Selepressin shows promise in septic shock management
The novel V1A-selective vasopressin receptor agonist selepressin may be an effective substitute for the traditional vasopressor norepinephrine in patients in early septic shock, a recent study has found.
In this double-blind multicentre trial, 53 patients in early septic shock were randomized to receive one of three ascending infusion rates of selepressin (1.25 ng/kg/min [n=10], 2.5 ng/kg/min [n=19], or 3.75 ng/kg/min [n=2]) or placebo (n=21) until shock resolution or a maximum 7 days.
At 24 hours, more patients given 2.5 ng/kg/min selepressin (about 70 percent) maintained a mean arterial pressure (MAP) of >60 mmHg without norepinephrine compared with those on 1.25 ng/kg/min selepressin (<20 percent) and placebo (20 percent).
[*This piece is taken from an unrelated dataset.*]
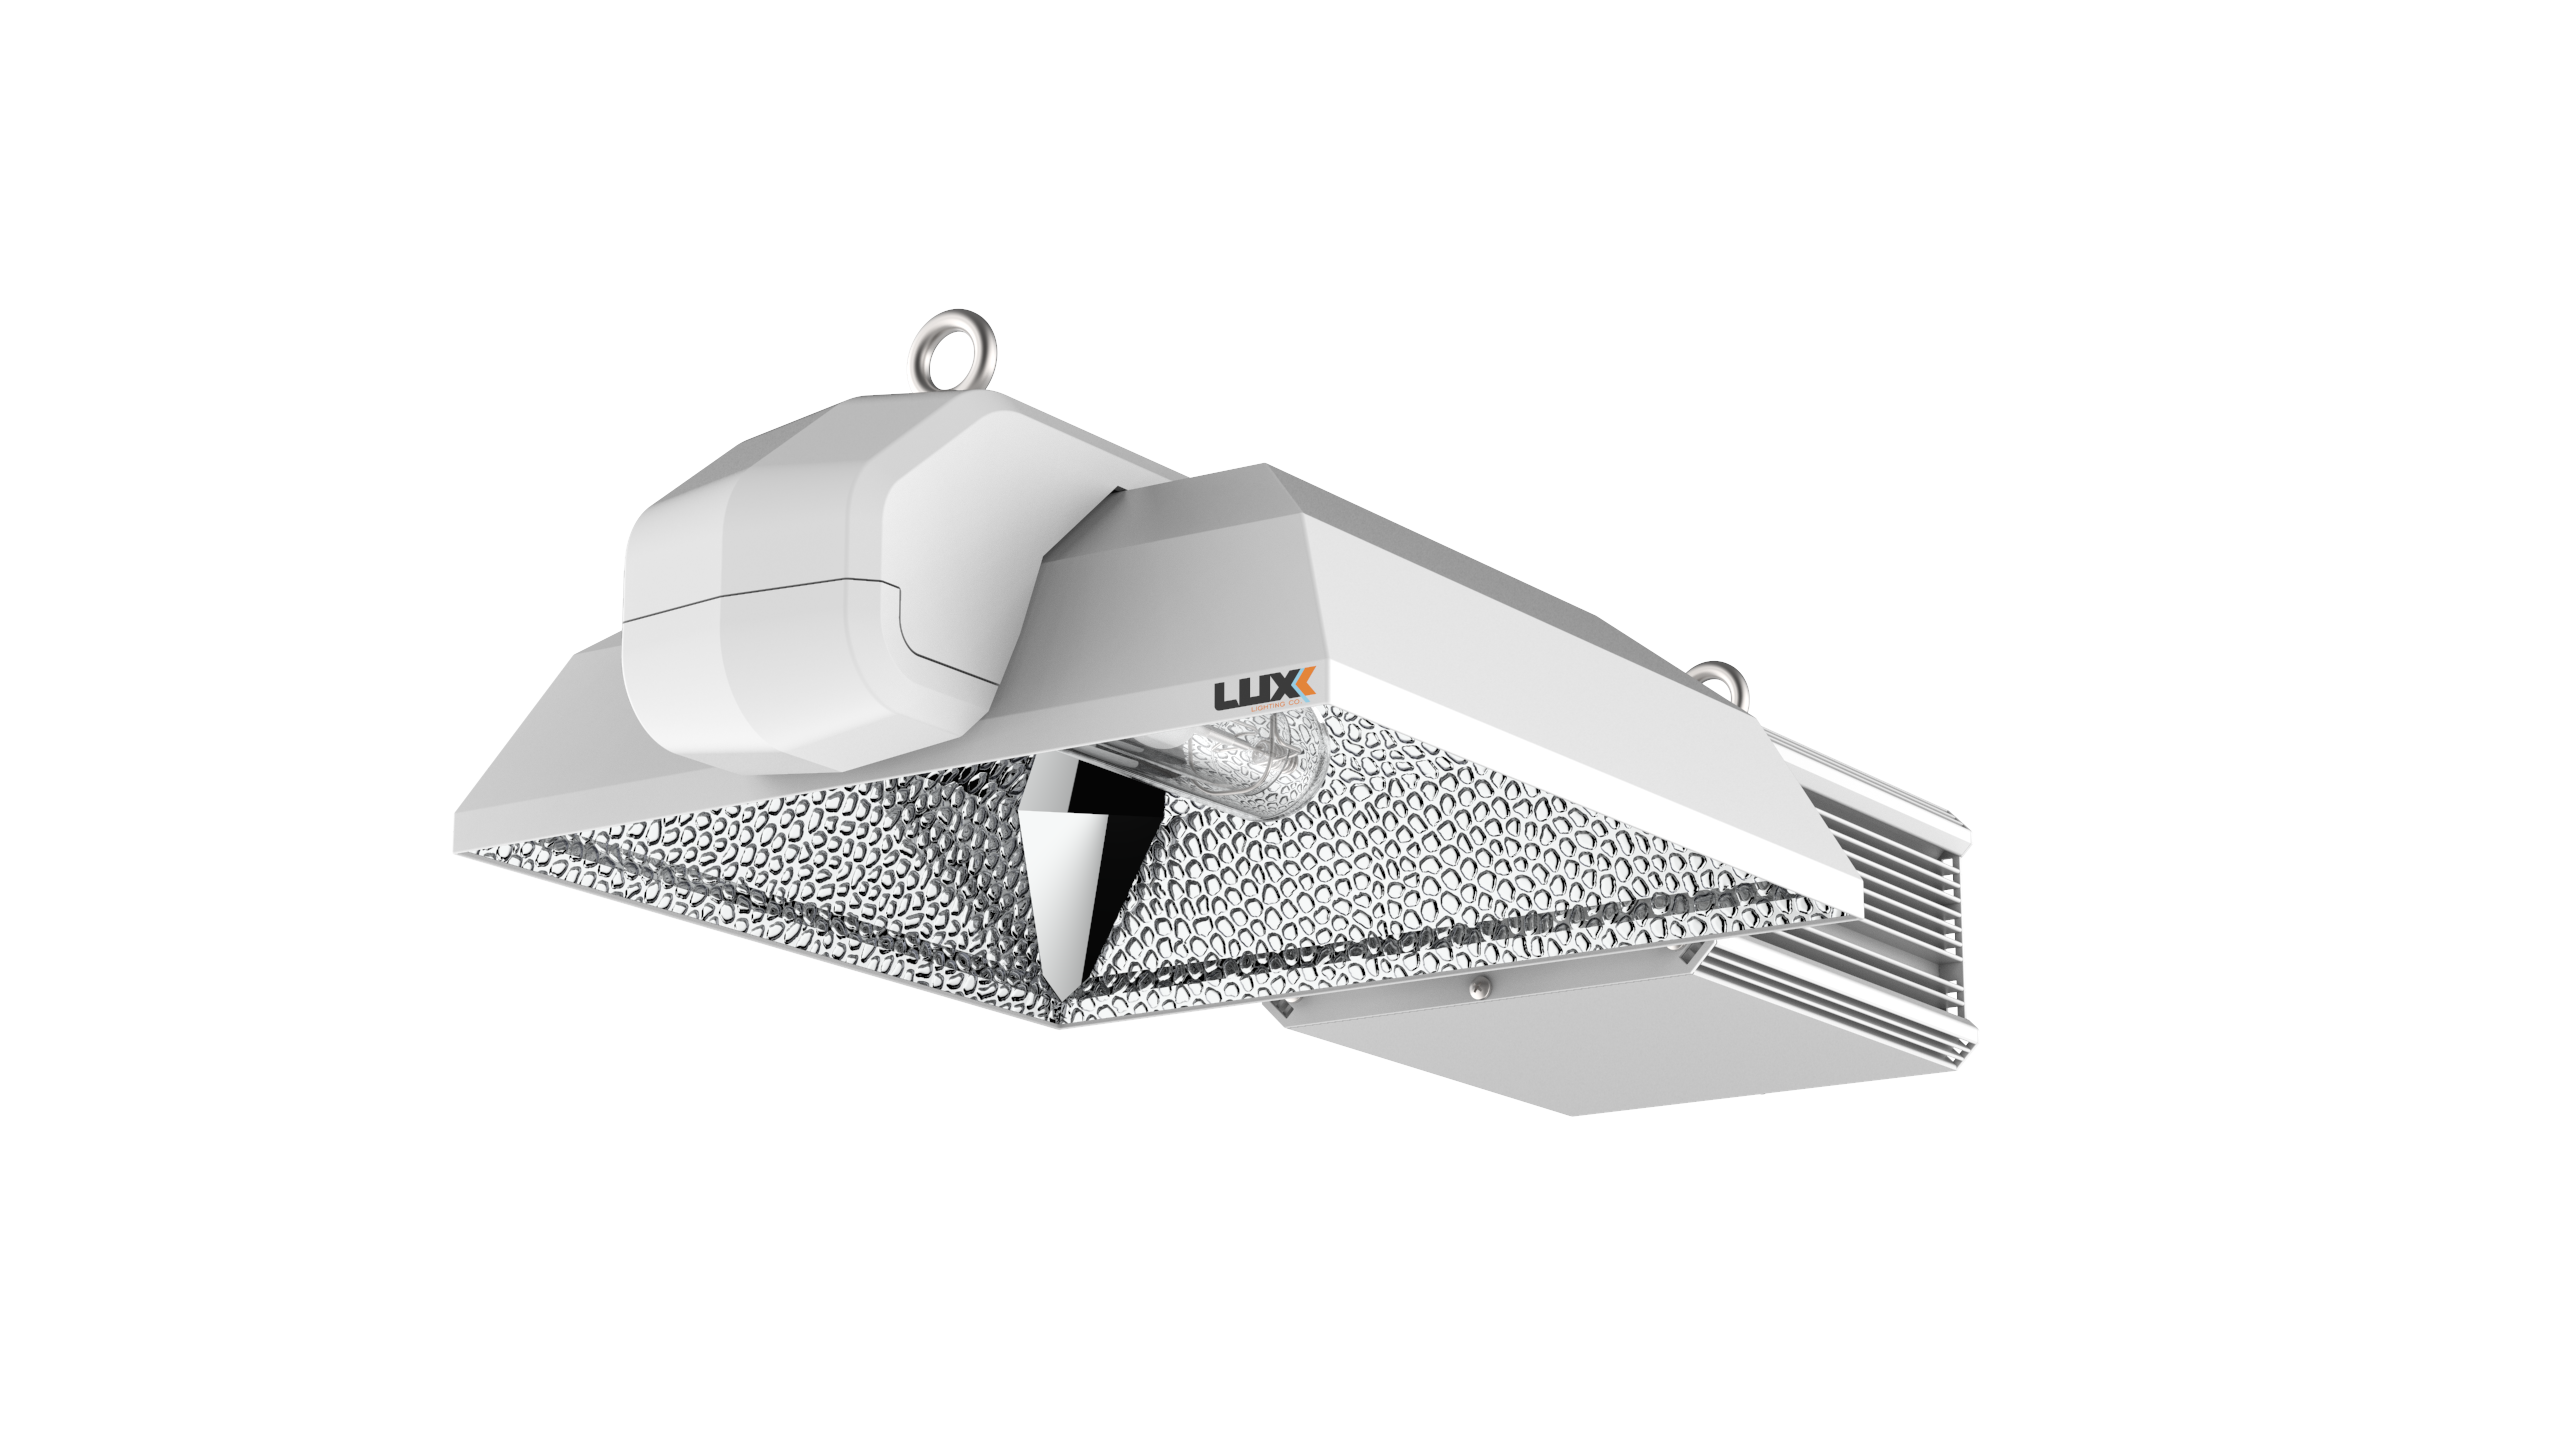 LUXX FIXTURE - CMH 315 WATTS - 120V - 277V + AMP 4200°K (1)

Compared with placebo, use of selepressin 2.5 ng/kg/min resulted in the rapid reduction of norepinephrine mean infusion rate (0.04 vs 0.18 μg/kg/min at 24 hours), reduction of cumulative net fluid balance from day 5 onwards (p<0.05), and a higher proportion of days alive and free of ventilation (54 percent vs. 23 percent; p<0.02). [Crit Care 2017;doi:10.1186/s13054-017-1798-7]
“[A]t an infusion rate of 2.5 ng/kg/minute, [selepressin] rapidly replaced norepinephrine while maintaining target MAP and may have improved fluid balance and shortened the time of mechanical ventilation,” said the researchers.
“Reducing the dose of norepinephrine … could in itself be advantageous because it could decrease the adverse effects of norepinephrine … [and] have beneficial effects on fluid balance and vascular leak,” they said.
The greater proportion of patients weaned off norepinephrine during the first 24 hours and the decreased mean cumulative norepinephrine dose demonstrate rapid onset and sustained activity, suggesting selepressin to be a potent vasopressor, noted the researchers.
Furthermore, the reduced mechanical ventilation period reflects selepressin’s potential in mitigating the risks associated with long periods of mechanical ventilation such as nosocomial pneumonia, neuromuscular weakness, and mortality, they added.
As this was the first inpatient trial of selepressin in septic shock patients and owing to the small sample size which could have limited the overall impact, more investigation is warranted to evaluate the potential of selepressin in improving treatment outcomes in septic shock patients, said the researchers.
The ongoing SEPSIS-ACT* trial is assessing the superiority of rapid and full substitution of norepinephrine with selepressin over cotreatment with selepressin and norepinephrine, noted the researchers.
“[T]he potential additional benefits of selepressin compared with vasopressin … may justify earlier use and fuller substitution of norepinephrine with selepressin,” they said.